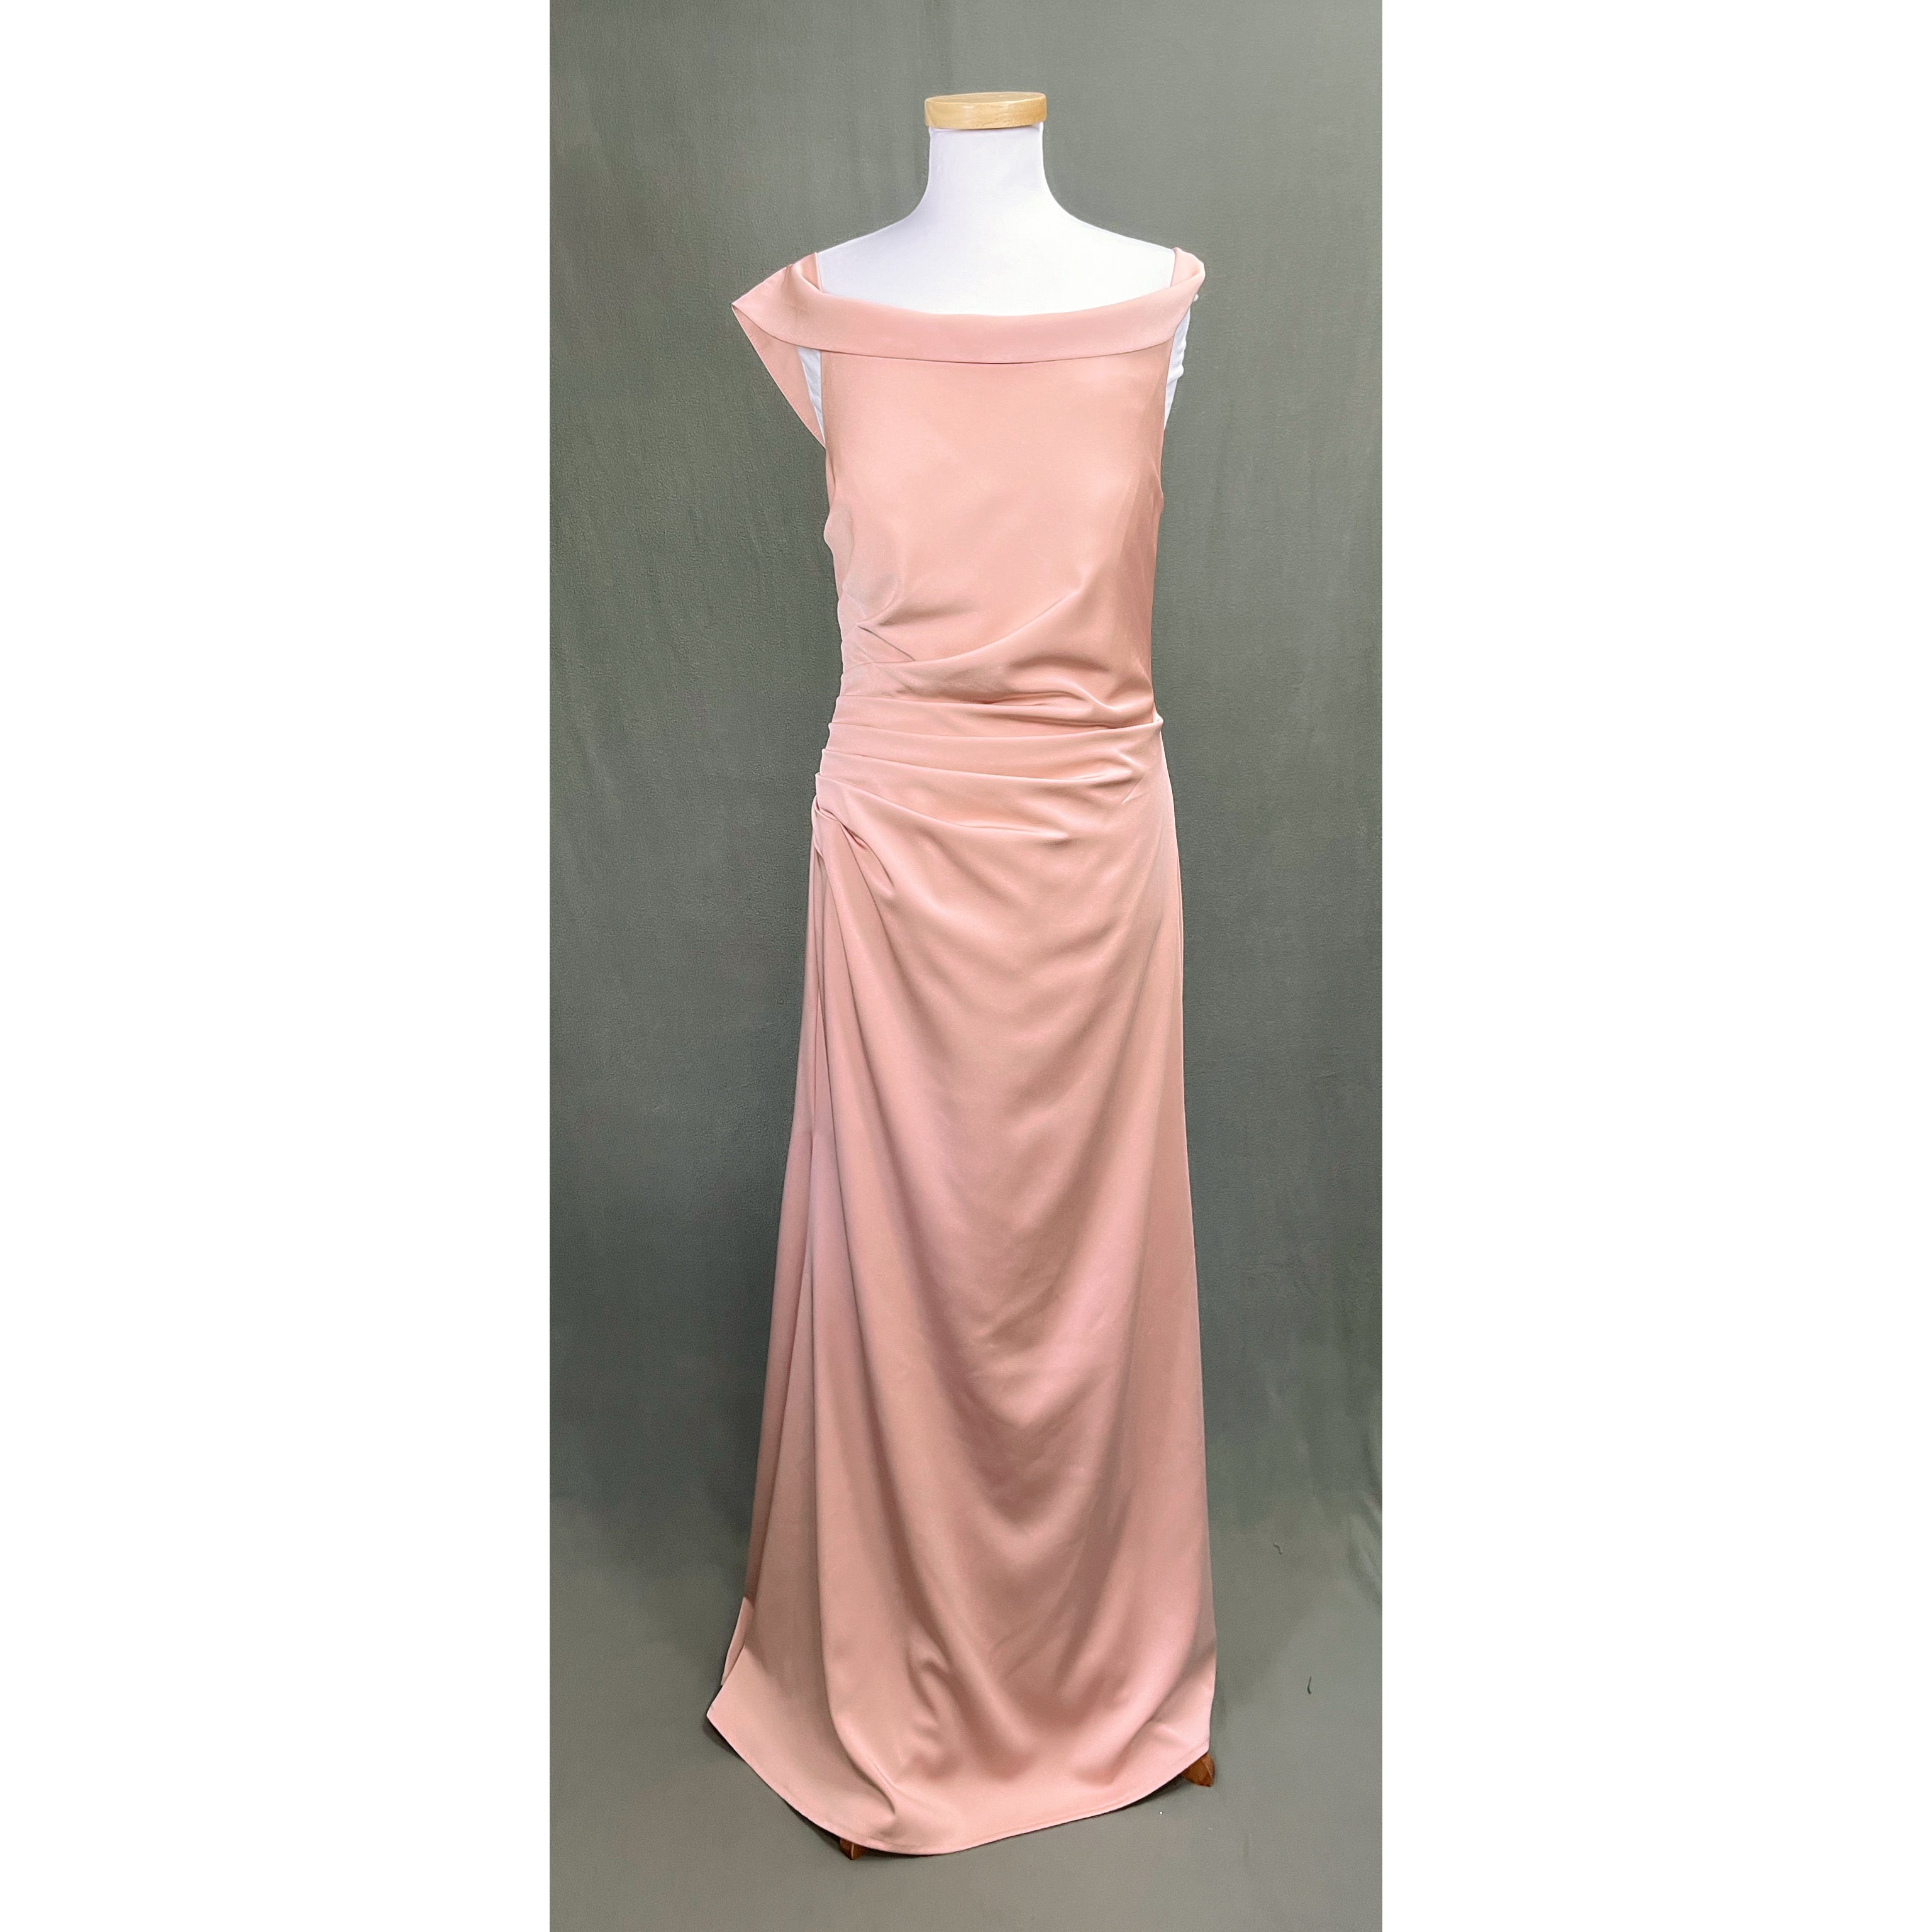 Allure blush dress, size 16
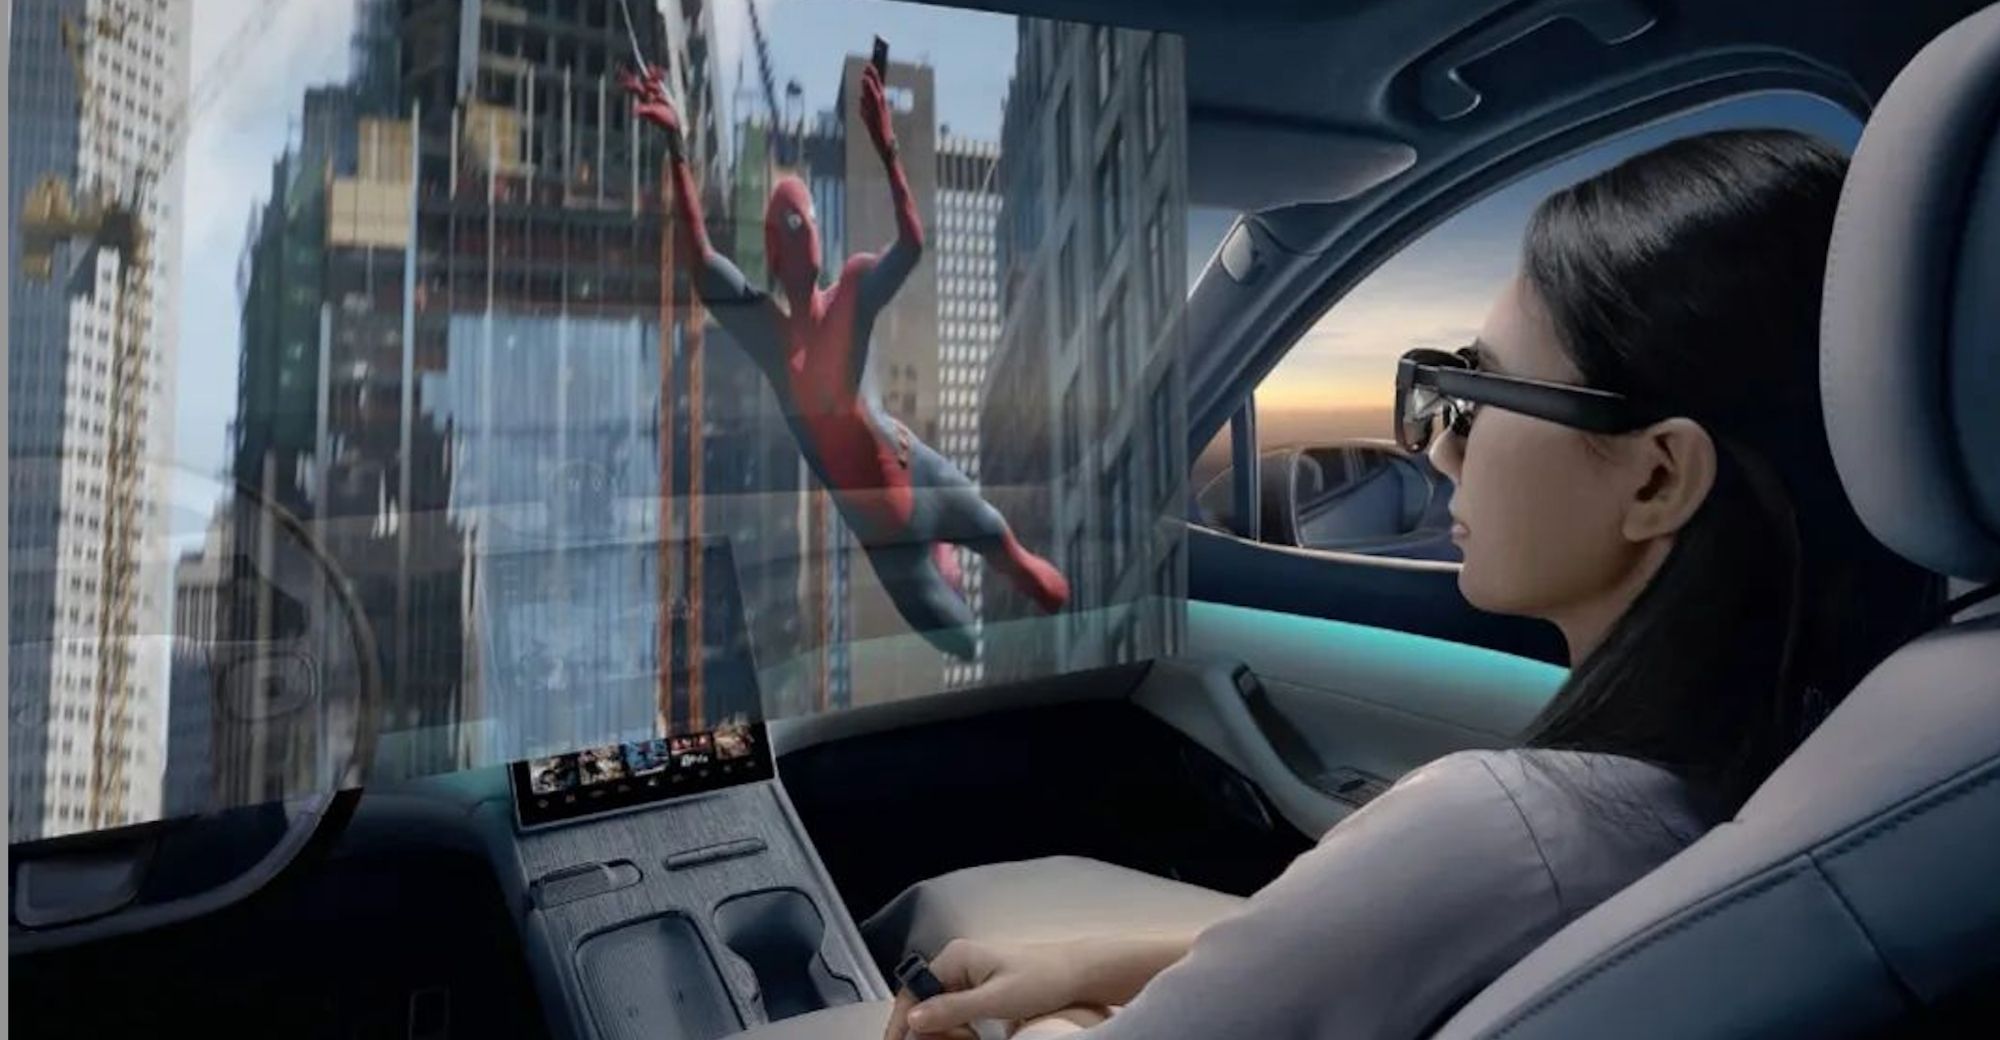 NIO เปิดตัวแว่นตา AR ในรถยนต์ที่พัฒนาร่วมกับ Nreal
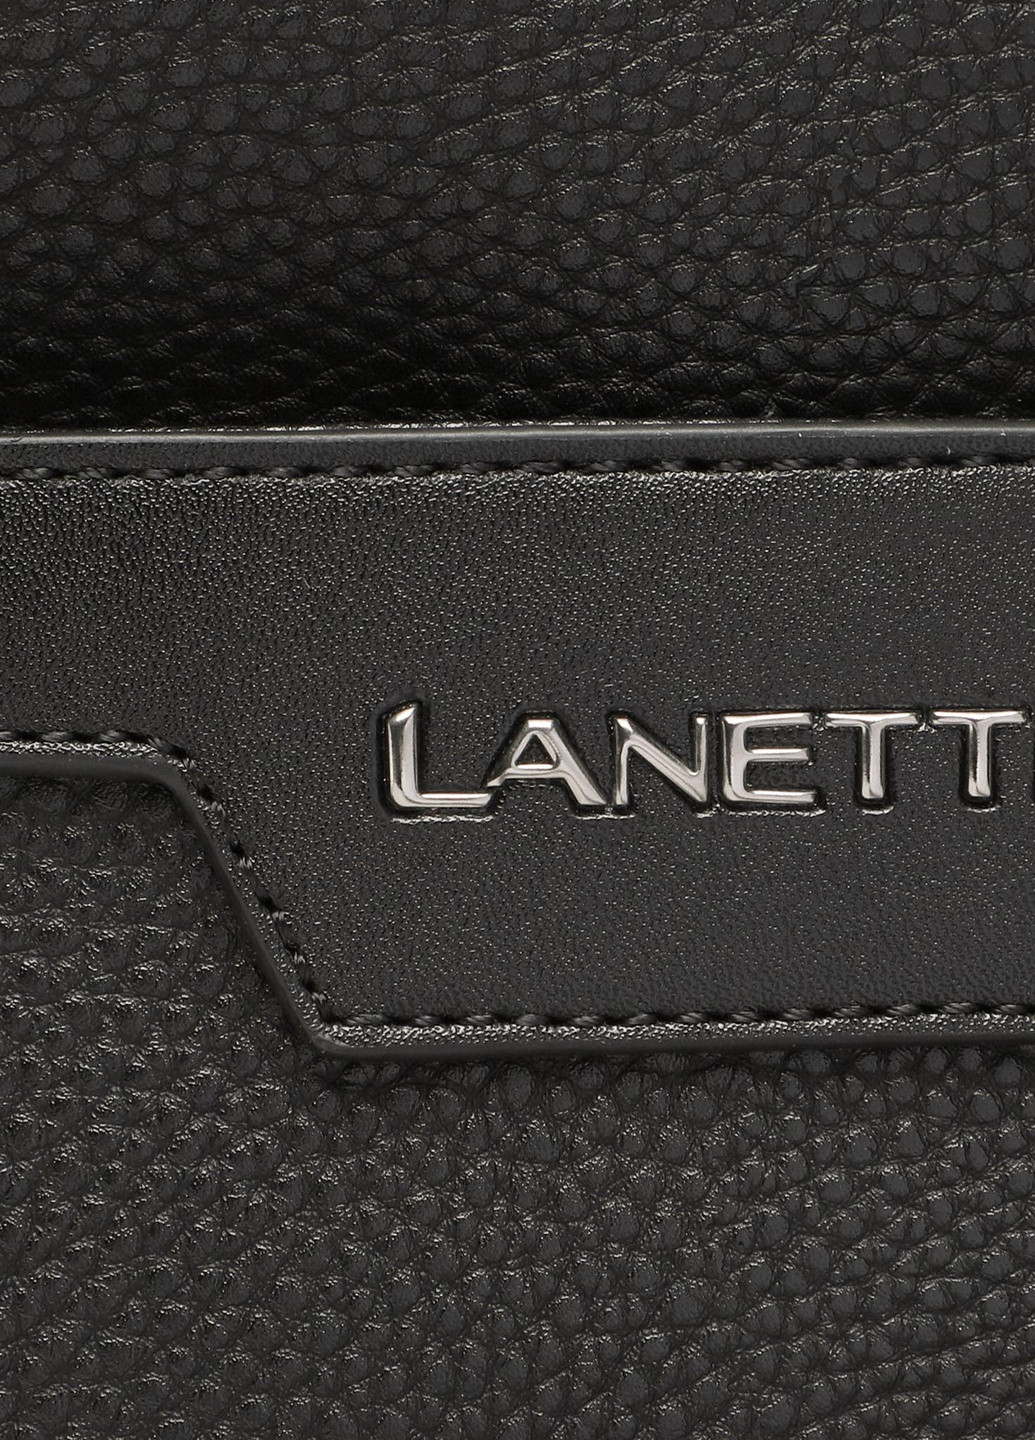 Плоска сумка BMR-U-033-10-09 Lanetti однотонная чёрная
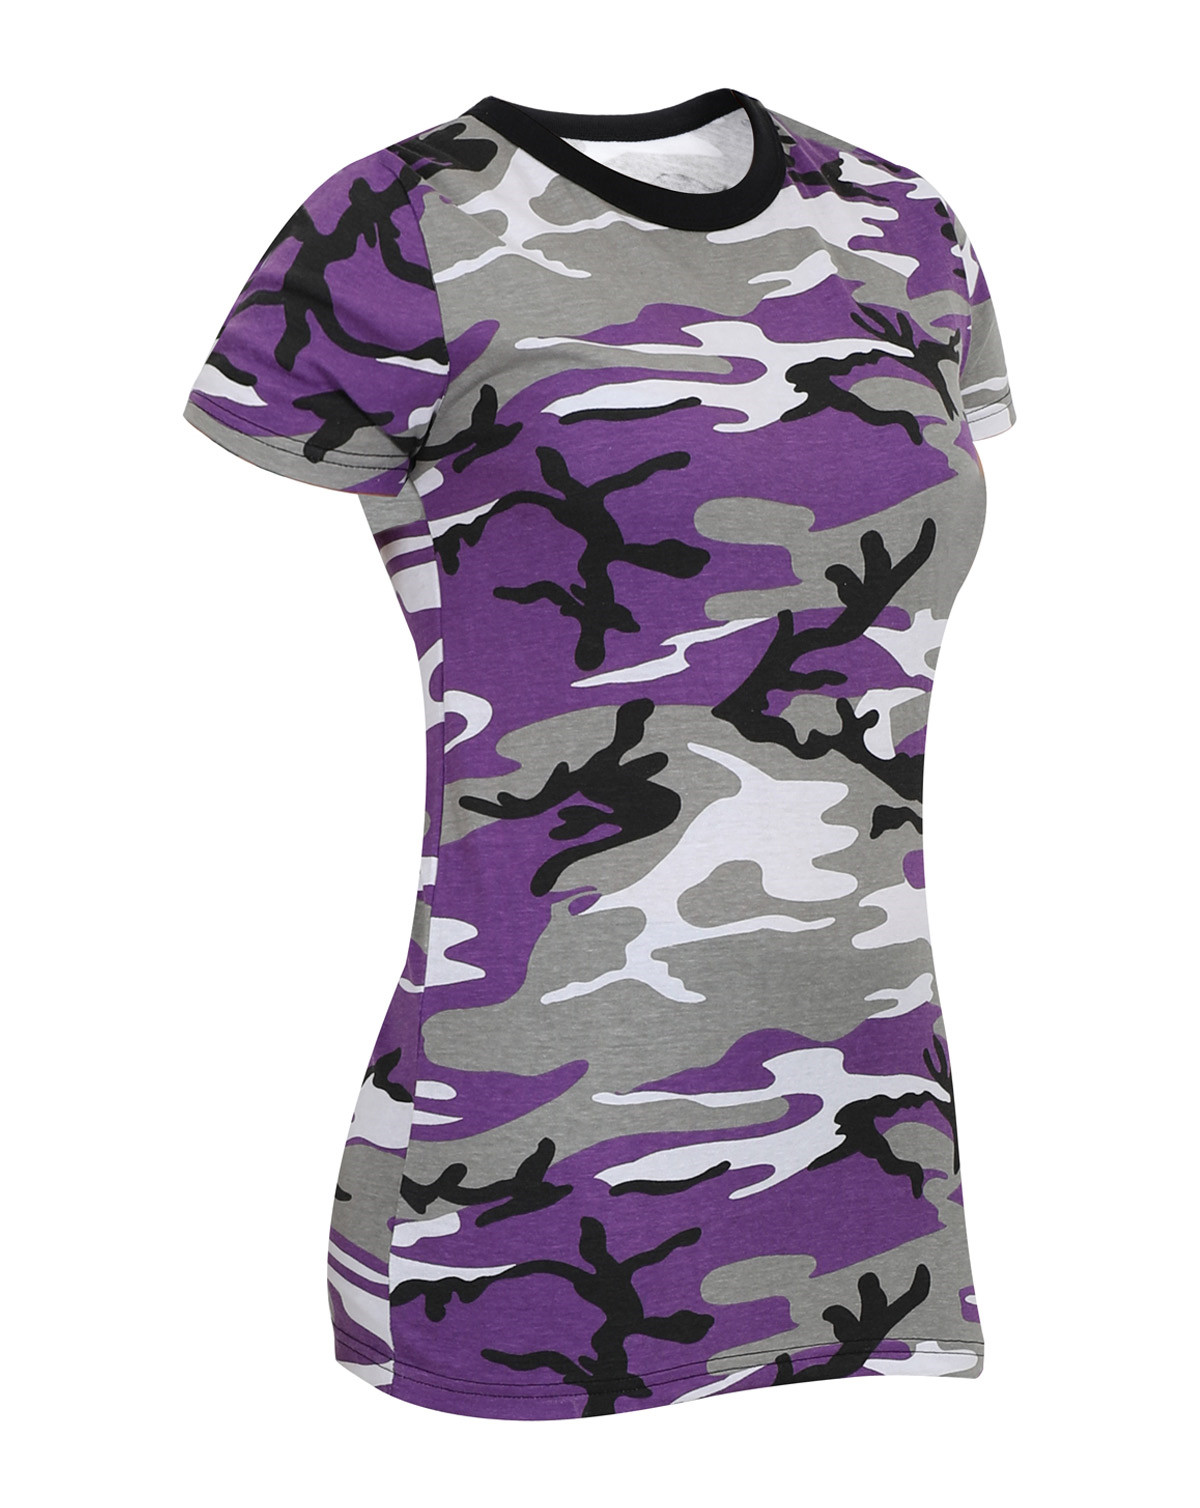 4: Rothco Camouflage T-Shirt (Lilla Camo, XL)

********

- _Try it_:
Keep the pictures out of your copy. Copy only the lines from the line that holds "Плоска сумка BMR-U-033-10-09" through the last line of the listing above, both included.

- _Problem solution_:
 Плоска сумка BMR-U-033-10-09 Lanetti однотонная чёрная
 4: Rothco Camouflage T-Shirt (Lilla Camo, XL)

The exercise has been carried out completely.